Однако боярин уже решил все по-своему:
— Захар, вели седлать коней! Пахом, Вторуша, Звияга — с нами. Одно седло женское положите. К дядюшке без племянницы его отправляться грешно.
— Зимники-то все растаяли, — сделал Андрей последнюю попытку остановить Василия Ярославовича. — Куда сейчас ехать?
— Ничто, — отмахнулся боярин. — Лед покамест крепкий, Пуповский шлях сильно раскиснуть не мог, морозы все же держатся. А уж от тракта до княжеской усадьбы верхом как-нибудь доберемся…
Извечная палочка-выручалочка усадьбы, река Окница пряталась меж высоких, почти до пояса, берегов, а потому солнце до ее поверхности добраться еще не успело, лед стоял толстый и крепкий, как в крещенские морозы. По нему, по льду, и помчалась во весь опор вереница всадников, спустившихся из ворот усадьбы по уже протаявшей дороге. За сорок минут они добрались до ведущей в Литовское княжество дороги. Она, естественно, была раскатана до коричневой глины, с готовностью размякшей под весенними теплыми лучами, но грязи здесь оказалось еще не по колено — не то что верховому, даже на телеге проехать можно. Распутица напоминала о себе, но вступить во власть над русскими дорогами еще не успела.

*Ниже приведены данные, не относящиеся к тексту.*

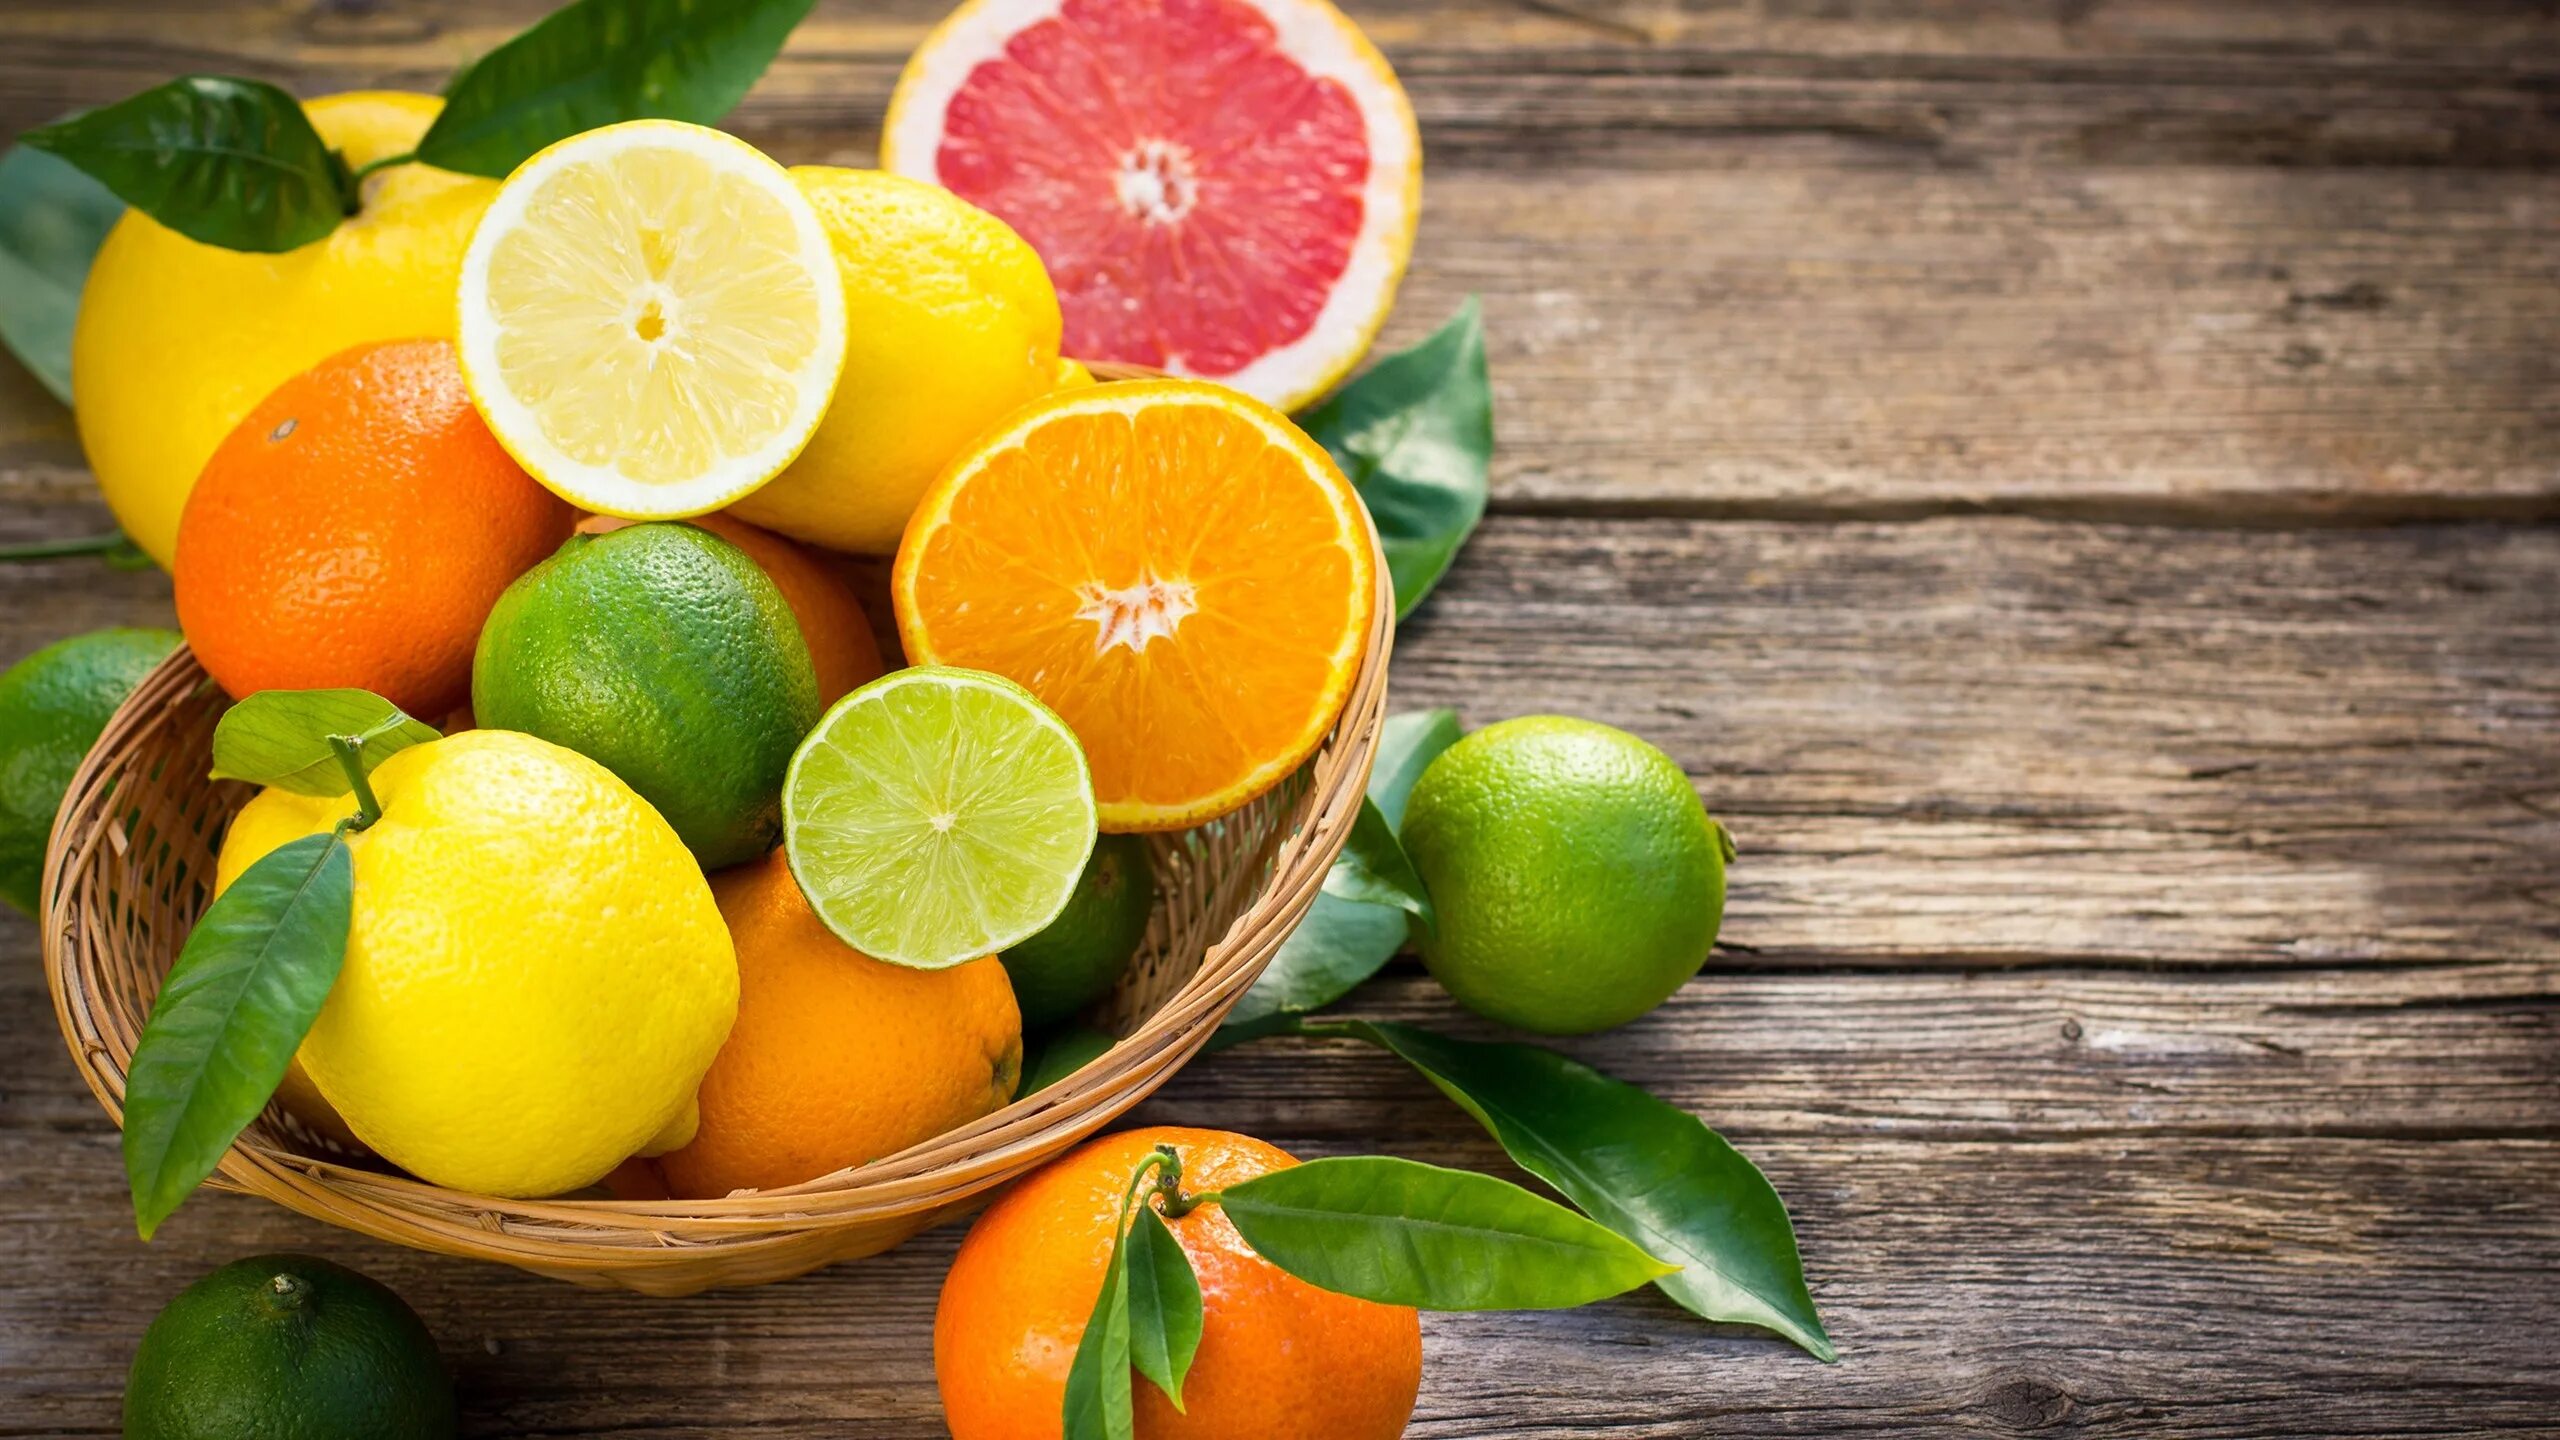 Цитрус (Citrus) – лимон. Лайм лимон апельсин мандарин. Лайм и грейпфрут. Апельсин, лимон, мандарин, грейпфрут, Цитрон. Цитрусовые фрукты это

Здесь путники перешли на шаг — и на самих меньше грязи летит, и коням передышка. Версты три ехали без спешки — а потом свернули в пролесок и двинулись рысью, стараясь держаться снежной полоски у края глянцевого, гладкого, как стекло, зимника. На нем в такую погоду лошадь, пусть и подкованная, поскользнуться может, либо ногу сломать, коли наст подтаял и под ним до земли узкая ямка. Поди тут угадай, как солнце и тени от голых ветвей со снегом играют!
Где-то через час путники выехали в широкое поле. Здесь колея дороги протаяла до земли, и по ней, мягкой пока от силы на пару пальцев, всадники помчались галопом, уже не опасаясь никаких подвохов, обогнули поросшую осиной низину и оказались в виду усадьбы князей Друцких. Крепостица, что огородилась трехсаженным рвом и тыном на взгорке возле изогнутого ятаганом озера, размерами не превышала усадьбы боярина Лисьина. Но Зверев знал, что, помимо этой скромной обители, у Юрия Друцкого имеется дворец в полудне пути на запад, на берегу озера в Верятах, а также дом в Варшаве, подворье в Великих Луках и еще одна усадьба на литовской стороне. Если, конечно, ее Сигизмунд не разорил после перехода князя под московскую руку. По закону и обычаю — не должен был. Но закон, известное дело, всегда на стороне сильного.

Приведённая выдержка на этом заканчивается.